La agencia central de información americana implicada en aquel caso. ¿Qué significaba aquello? ¿Qué tenía que ver el gobierno de Estados Unidos con pacientes internados en hospitales canadienses?

Gracias a sus libros, documentales e investigaciones, Wlad Szpilman había descubierto alguna cosa, Lucie estaba totalmente convencida de ello.

Intentó atar los cabos de su investigación, añadir nuevas piezas al rompecabezas. Naturalmente pensó en el realizador del film, Jacques Lacombe, que se marchó a Washington en 1951 en extrañas circunstancias. La starlette Judith Sagnol habló de un contacto al otro lado del Atlántico, de una persona que deseaba trabajar con Lacombe. ¿Quién era esa persona?

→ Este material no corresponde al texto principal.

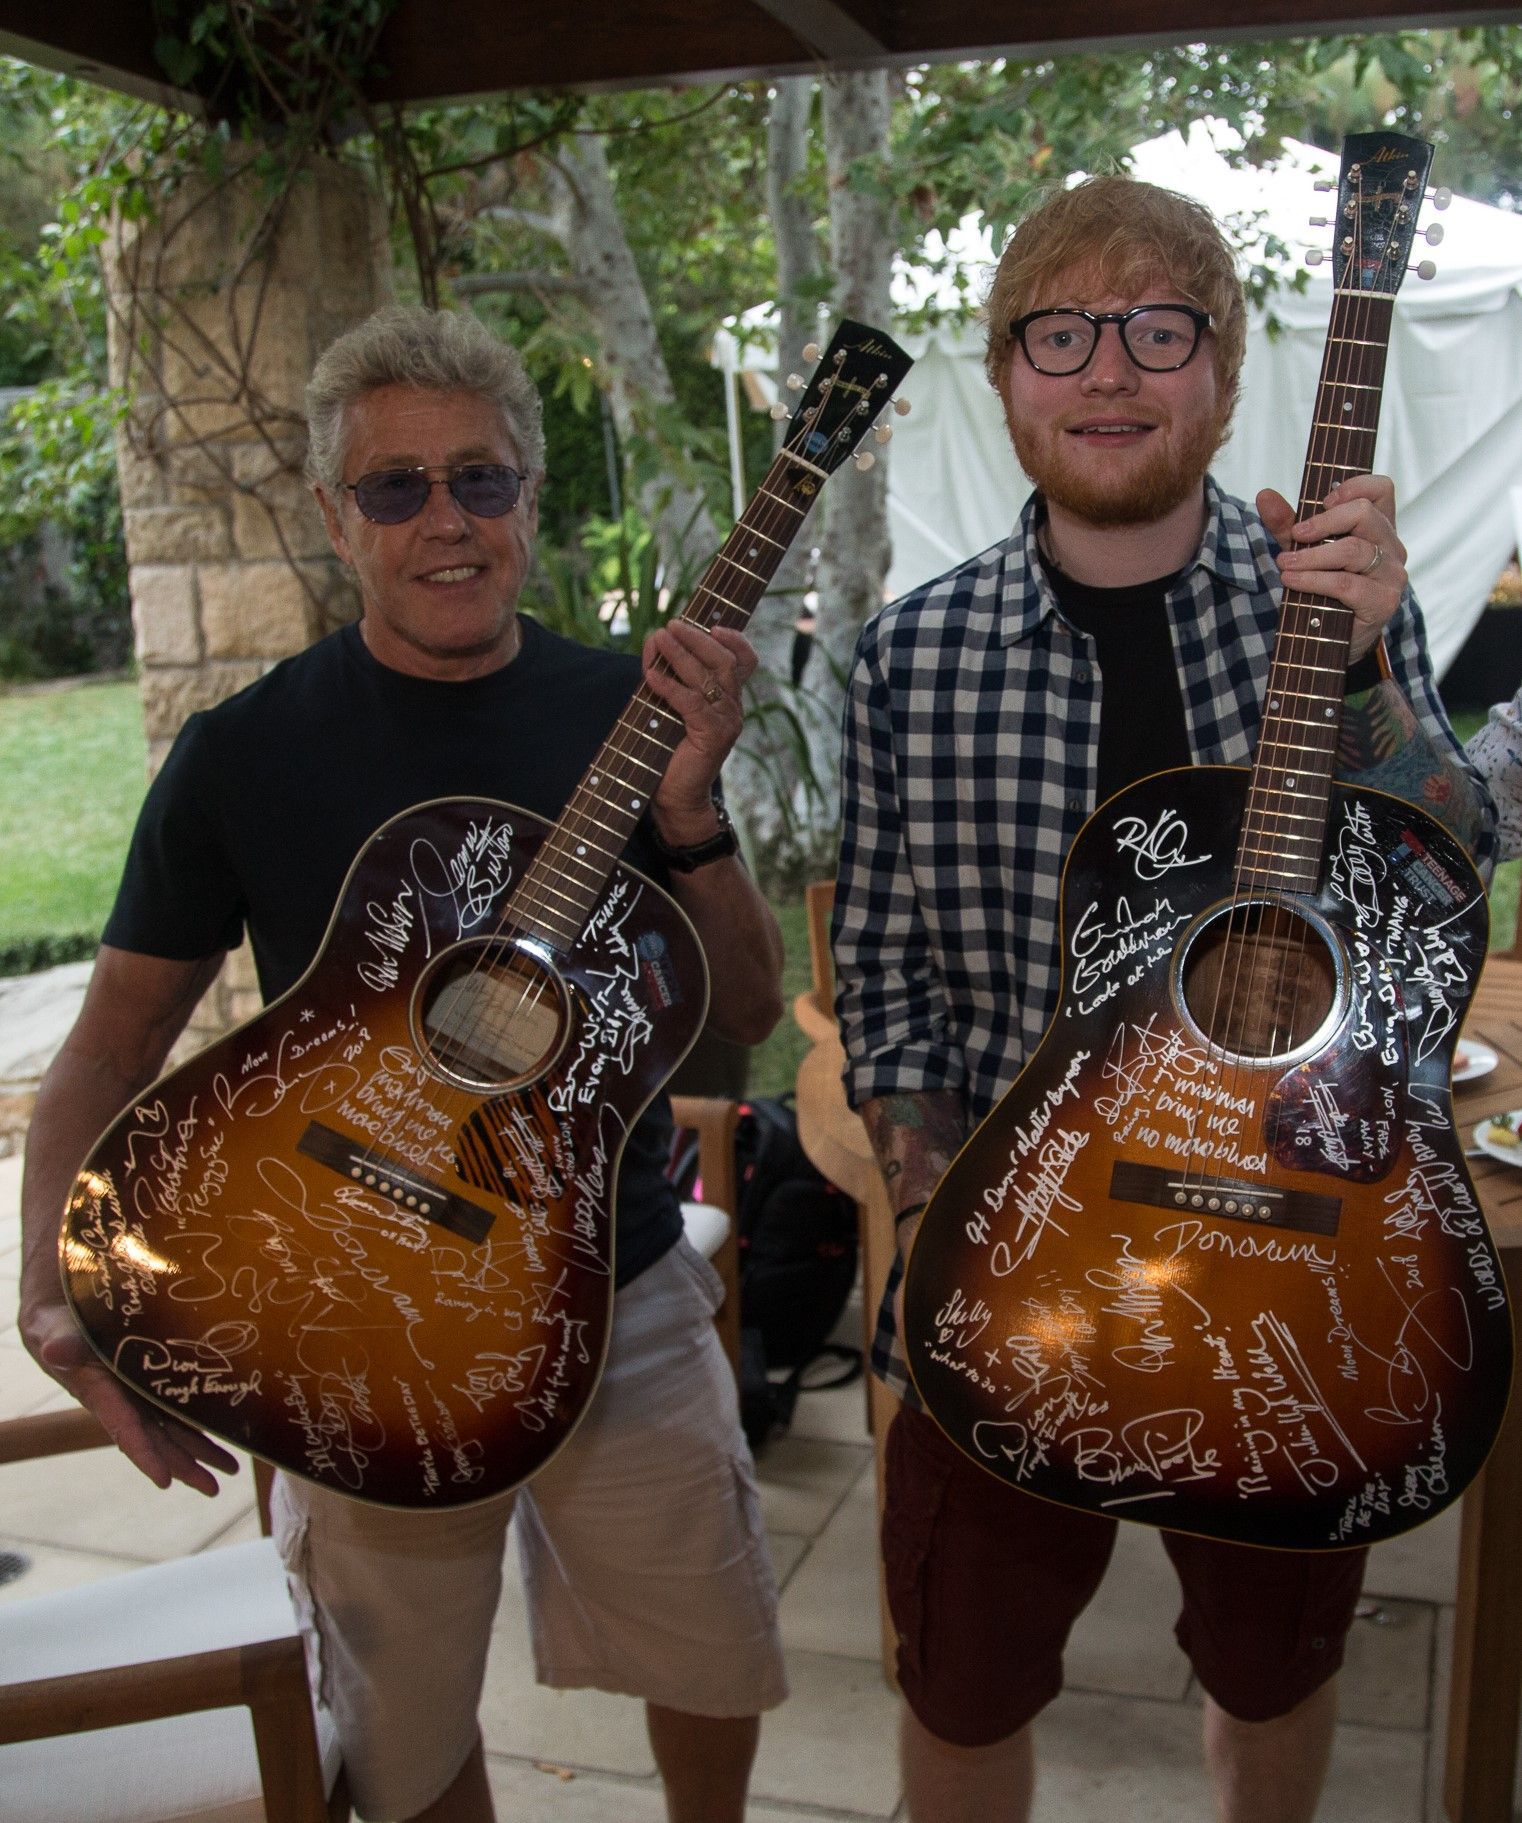 Roger Daltrey and Ed Sheeran holding signed Buddy Holly guitars

Luego, Jacques Lacombe llegó a Montréal en 1954. Un «americano» que de repente desembarca en territorio canadiense, igual que la CIA.

¿Y si Lacombe tenía algo que ver con la CIA? ¿Y si su modesta actividad de proyeccionista no era más que una tapadera?

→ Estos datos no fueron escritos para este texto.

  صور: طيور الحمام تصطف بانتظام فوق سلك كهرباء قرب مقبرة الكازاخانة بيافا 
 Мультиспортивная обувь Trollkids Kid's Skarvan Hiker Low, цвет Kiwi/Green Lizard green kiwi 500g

Tantas preguntas que volvían una y otra vez, una y otra vez…

Lucie miró su reloj, impaciente. Las siete y diez. Patricia Richaud tenía que reunirse con ella dentro de veinte minutos, el tiempo necesario para terminar su tarea y cerrar. Iba a darle explicaciones acerca de los rumores de la implicación del espionaje americano en experimentos con seres humanos.

Demasiado absorta en sus pensamientos, Lucie no oyó llegar a un individuo por la espalda. El hombre se instaló rápidamente a su lado y sacó un revólver de su chaqueta.

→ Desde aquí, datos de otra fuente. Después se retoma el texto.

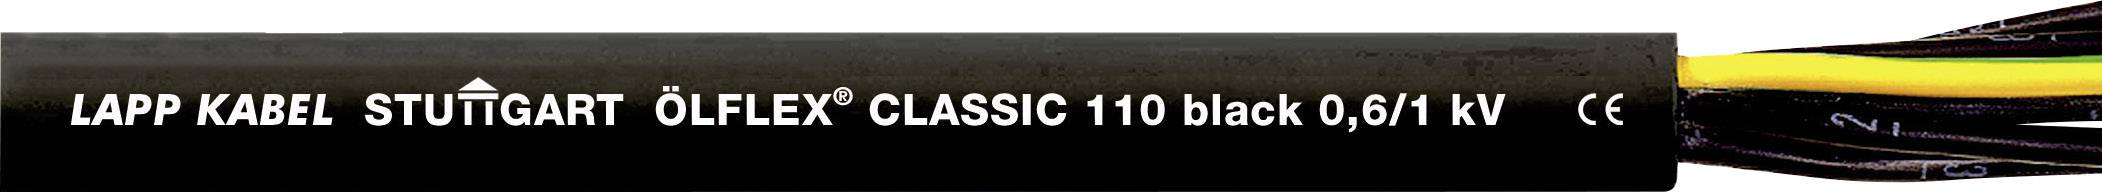 LAPP ÖLFLEX CLASSIC BLACK 110 Steuerleitung 12 G 1.50 mm² Schwarz 1120320-1 Meterware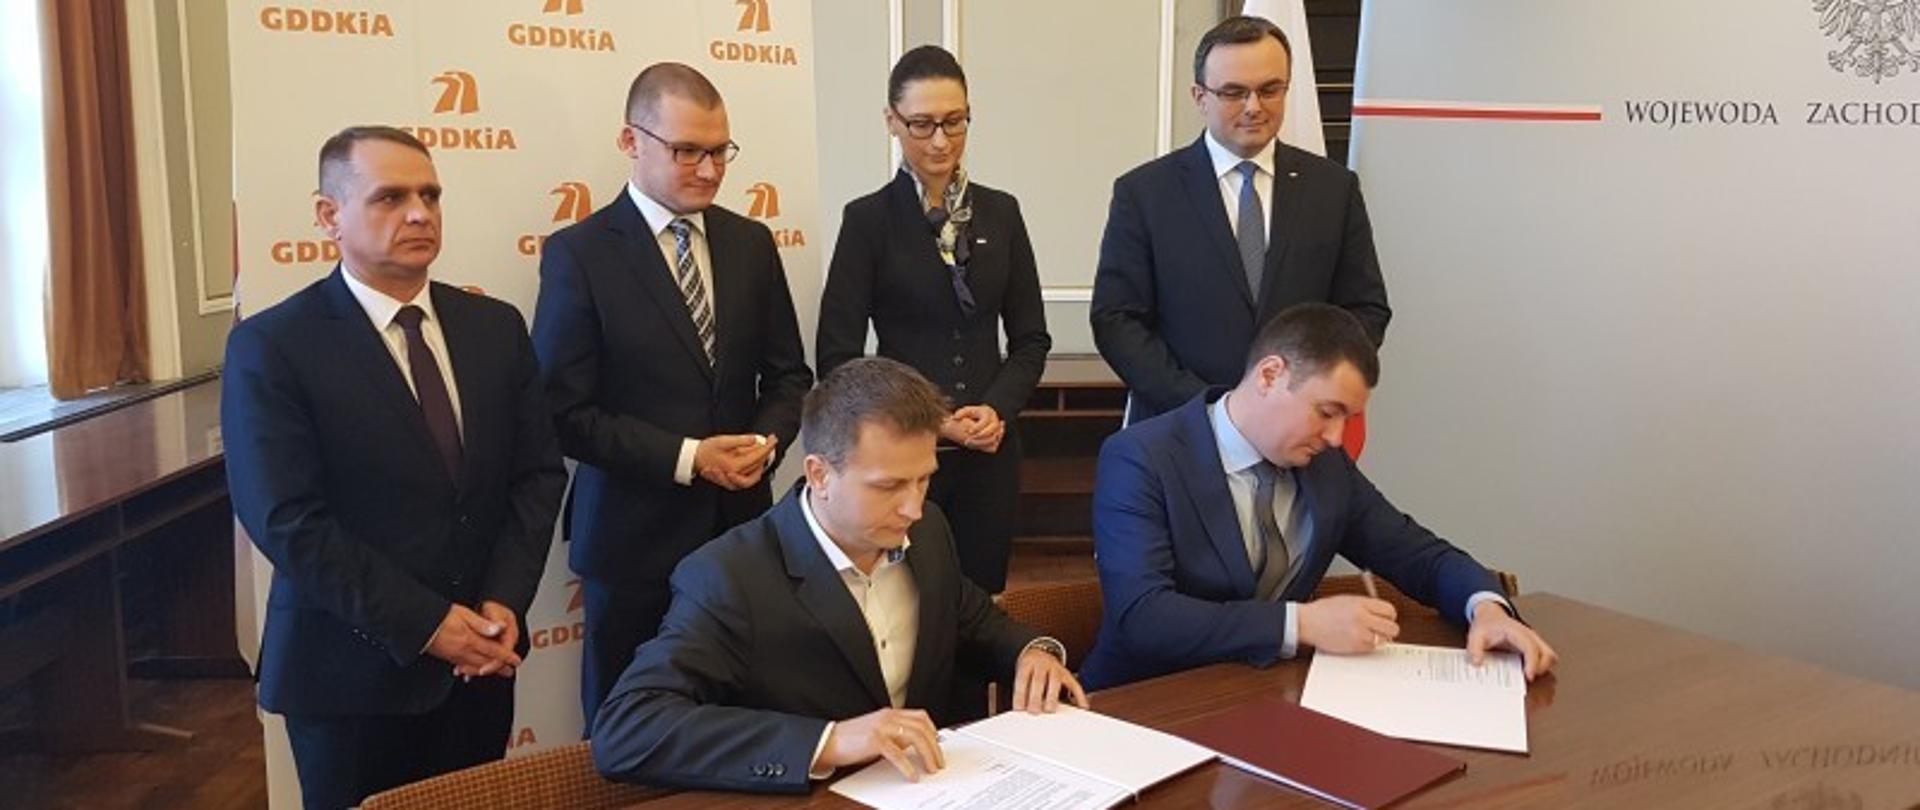 Podpisanie umowy na dokumentację projektową S11 Bobolice – Szczecinek

—Levántese y sígame sin hacer tonterías.

Lucie palideció. Pareció que la sangre desaparecía de su cuerpo.

—¿Quién es usted? Qué…

Apoyó el cañón con más fuerza en su costado. Su frente se cubría de gotas de sudor. Un gesto y dispararía. Lucie no tenía ninguna duda.

—No se lo repetiré.

Acento americano. De hombros anchos, unos cincuenta años. Llevaba una gorra negra con la inscripción «Nashville Predators» y unas gafas de sol sin marca. Sus labios eran finos, cortantes como una hoja de palmera.

Lucie se puso en pie y el hombre se situó detrás de ella. La policía buscó con la mirada a paseantes, testigos, pero no merecía la pena. Sin arma y sola, era impotente. Anduvieron unos cien metros sin cruzarse con ningún alma viviente. Un Jeep Datsun 240Z esperaba bajo los arces.

—Conduzca usted.

La empujó secamente al interior. Lucie tenía un nudo en la garganta y perdía su sangre fría. Los rostros de sus gemelas daban vueltas ante sus ojos.

«Así no —no dejaba de pensar—. Así no…»

El hombre se instaló a su lado. Le palpó los bolsillos, los muslos y los costados con gestos de profesional. Le quitó la cartera, extrajo la identificación de policía, que observó atentamente, y apagó el móvil. Lucie habló con voz insegura.

—No sirve de nada, no funciona.

—Arranque.

—¿Qué quiere usted? Yo…

—Arranque, le he dicho.

Obedeció. Salieron de Montréal por el norte, cruzando el puente Charles-de-Gaulle.

Y las luces de la ciudad se alejaron definitivamente.